If this backwards incompatible change can still be included in the minor release, then that's fine for me (it's pre v1.0 anyway, so that's fine?).
That was my reasoning for saying that it could go into the next minor release, since that is more or less a rule of thumb in semantic versioning. Still, I want to make sure we really want this because I am not sure that everyone that is using aiida-shell
is aware of this practice.
Thanks for the explanation, @sphuber, makes sense!
That was my reasoning for saying that it could go into the next minor release, since that is more or less a rule of thumb in semantic versioning. Still, I want to make sure we really want this because I am not sure that everyone that is using aiida-shell is aware of this practice.
Yeah, I wasn't really aware of that myself, but just assumed it's like that, as you proposed to include it in the minor release.

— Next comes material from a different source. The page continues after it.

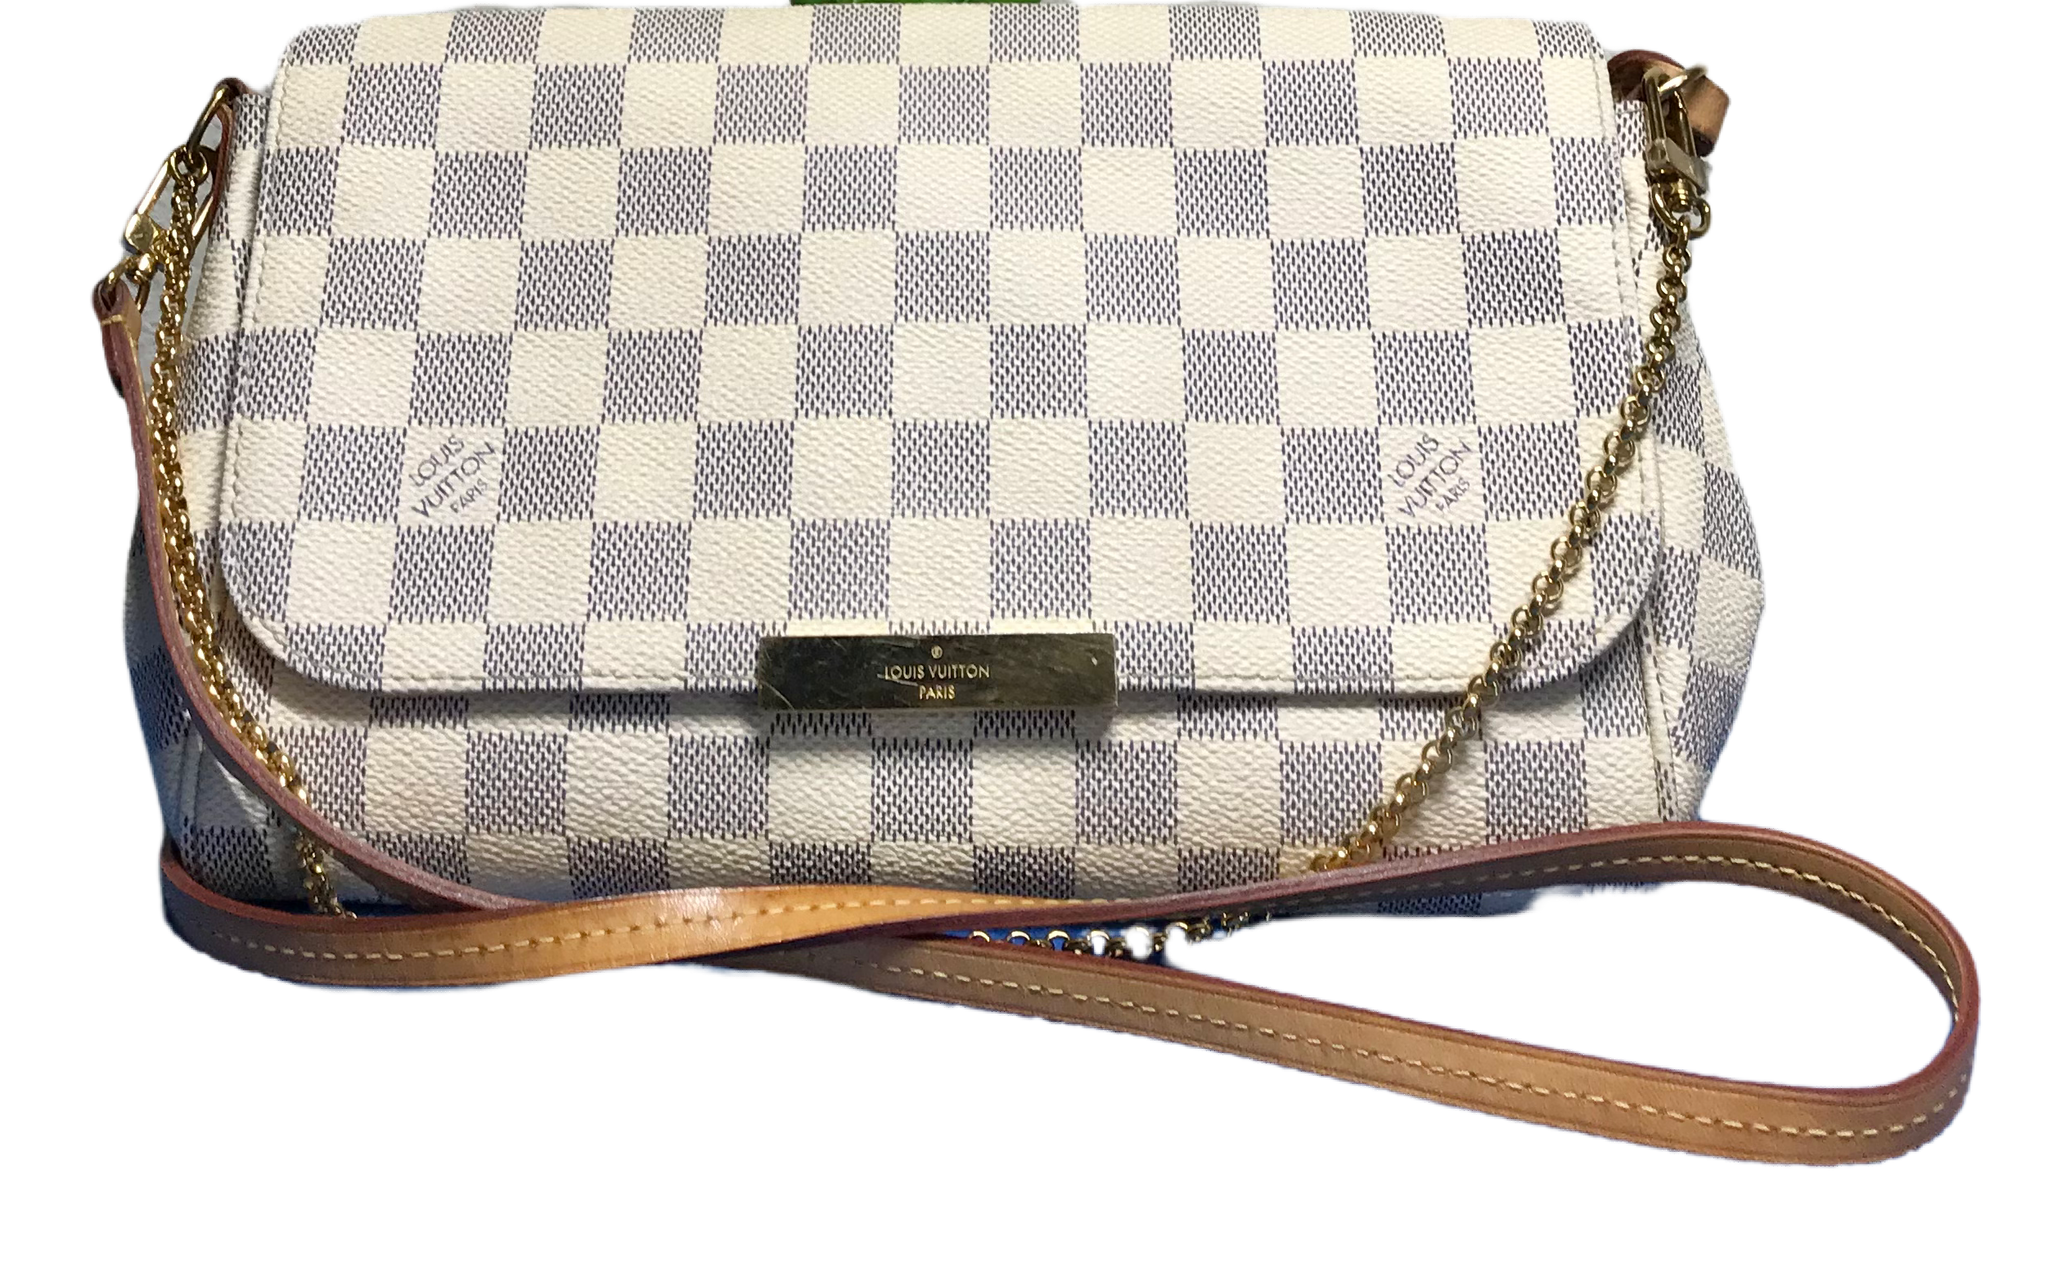 Authentic Louis Vuitton Favorite MM Shoulder/Crossbody Bag

Overall, I don't think it's a big issue when one is aware of the fact that self
needs to be included as an argument, and why that is. Extending the documentation section on adding a parser should be enough for that. I'll open a PR.
Apart from that, we could also target a first major release, no? API seems to be stable enough. As we discussed today, we could also organize 1 or 2 days during which everybody from the team actually uses the tool, and do the major release after that (possibly also under aiidateam
)?
Extending the documentation section on adding a parser should be enough for that. I'll open a PR.

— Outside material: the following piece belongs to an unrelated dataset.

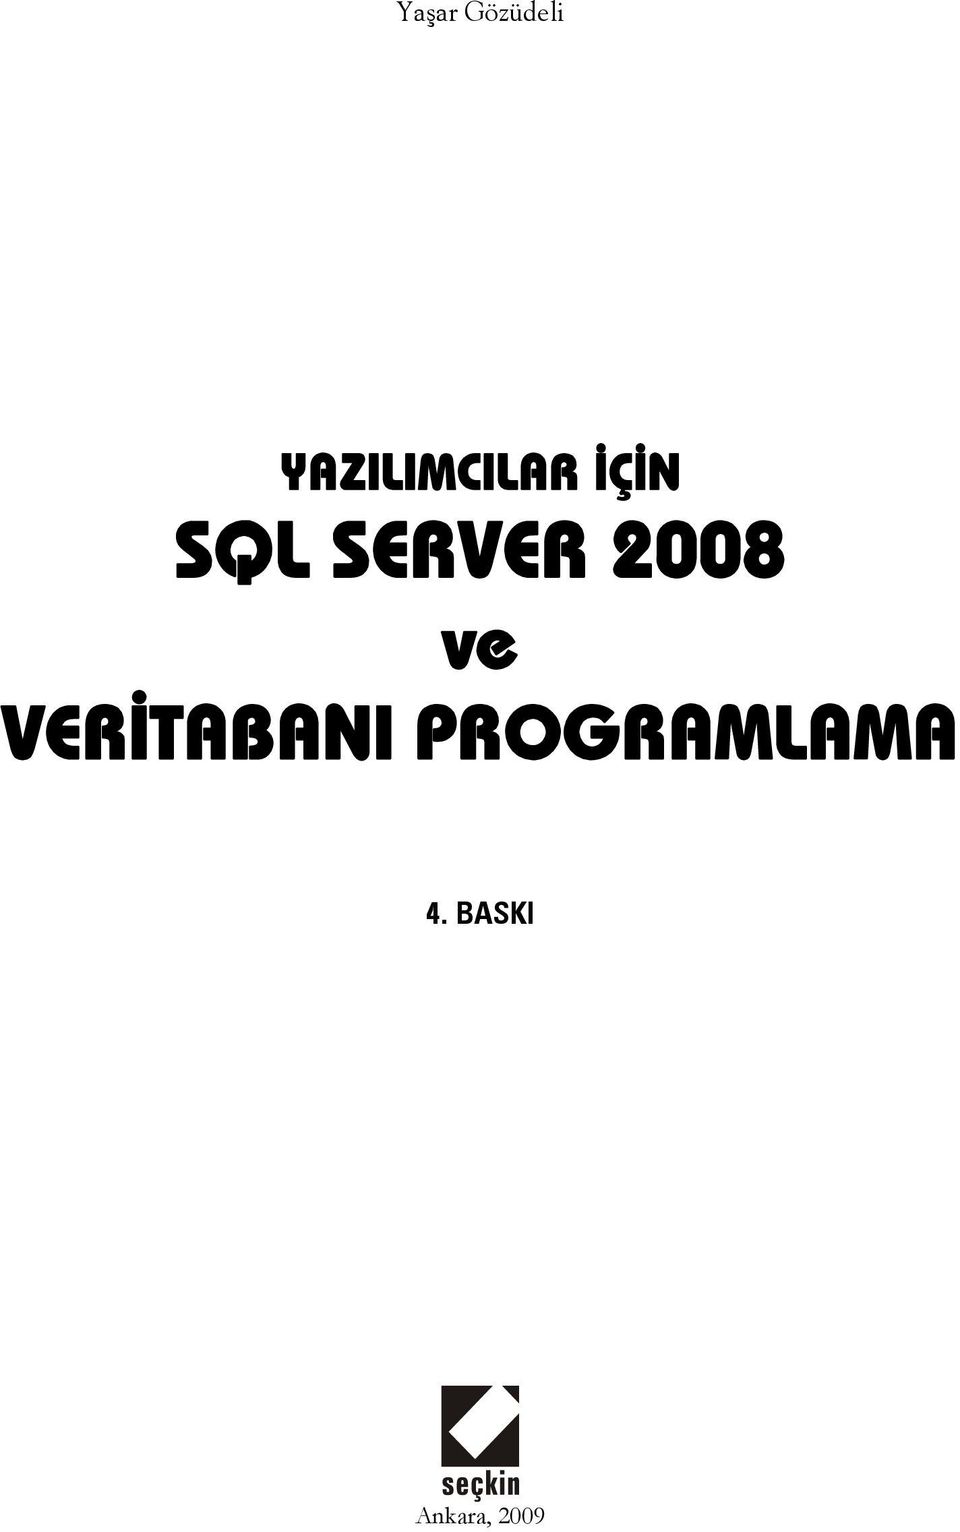 SERVER 2008 ve

Before you do. I was actually thinking of going ahead and improve the interface as we discussed. I was also considering another change that was breaking and so that I was pushing off. But now I think it is time to bite the bullet and do these final changes and then make a v1.0.0
release with stable.
Caught me just in time, I just started looking into it 😅
But in the current implementation it is simply called as a stand-alone function so it is not required.
Is this true, though? Running the code without the self
argument in the parser
function excepts.
Another thing I'm thinking now, as I was accessing methods/objects of self
in the parser: It's actually nice that it has the relevant CalcJobNode
, Logger(Adapter)
, etc., attached to it. This wouldn't be possible in the same way if one passes a Parser
instance via the parser
argument?
Is this true, though? Running the code without the self argument in the parser function excepts.
That is only because the Parser
is actually calling that function passing it two arguments. If your function does not accept two arguments, it excepts.
Another thing I'm thinking now, as I was accessing methods/objects of self in the parser: It's actually nice that it has the relevant CalcJobNode, Logger(Adapter), etc., attached to it. This wouldn't be possible in the same way if one passes a Parser instance via the parser argument?
This I will keep, and it is possible to access everything from the Parser
instance as if it was inside a member method. There is no difference. The self
is not some magical thing, it is literally just the Parser
instance.
That is only because the
Parser
is actually calling that function passing it two arguments. If your function does not accept two arguments, it excepts.
What I meant is that providing two arguments is not enough, the first one has to be self
:
https://github.com/sphuber/aiida-shell/blob/ffa7c6549e5dca6db5cab3b114c30e3365f289cb/src/aiida_shell/calculations/shell.py#L194-L198
This I will keep, and it is possible to access everything from the
Parser
instance as if it was inside a member method. There is no difference. Theself
is not some magical thing, it is literally just theParser
instance.
OK, then I'm happy. Will review your PR #97 now!
In the RTD How-To guides, it's mentioned that a custom parser needs to have the specific function signature:
I always find the unused
self
argument of a function outside of a class a bit weird. At least in the RTD examples, it's not being used inside the parsing function? Is it possible to make that optional? With @superstar54 we had a quick look at the implementation already, and it seems that should be possible, but maybe there's a good reason that prevents it.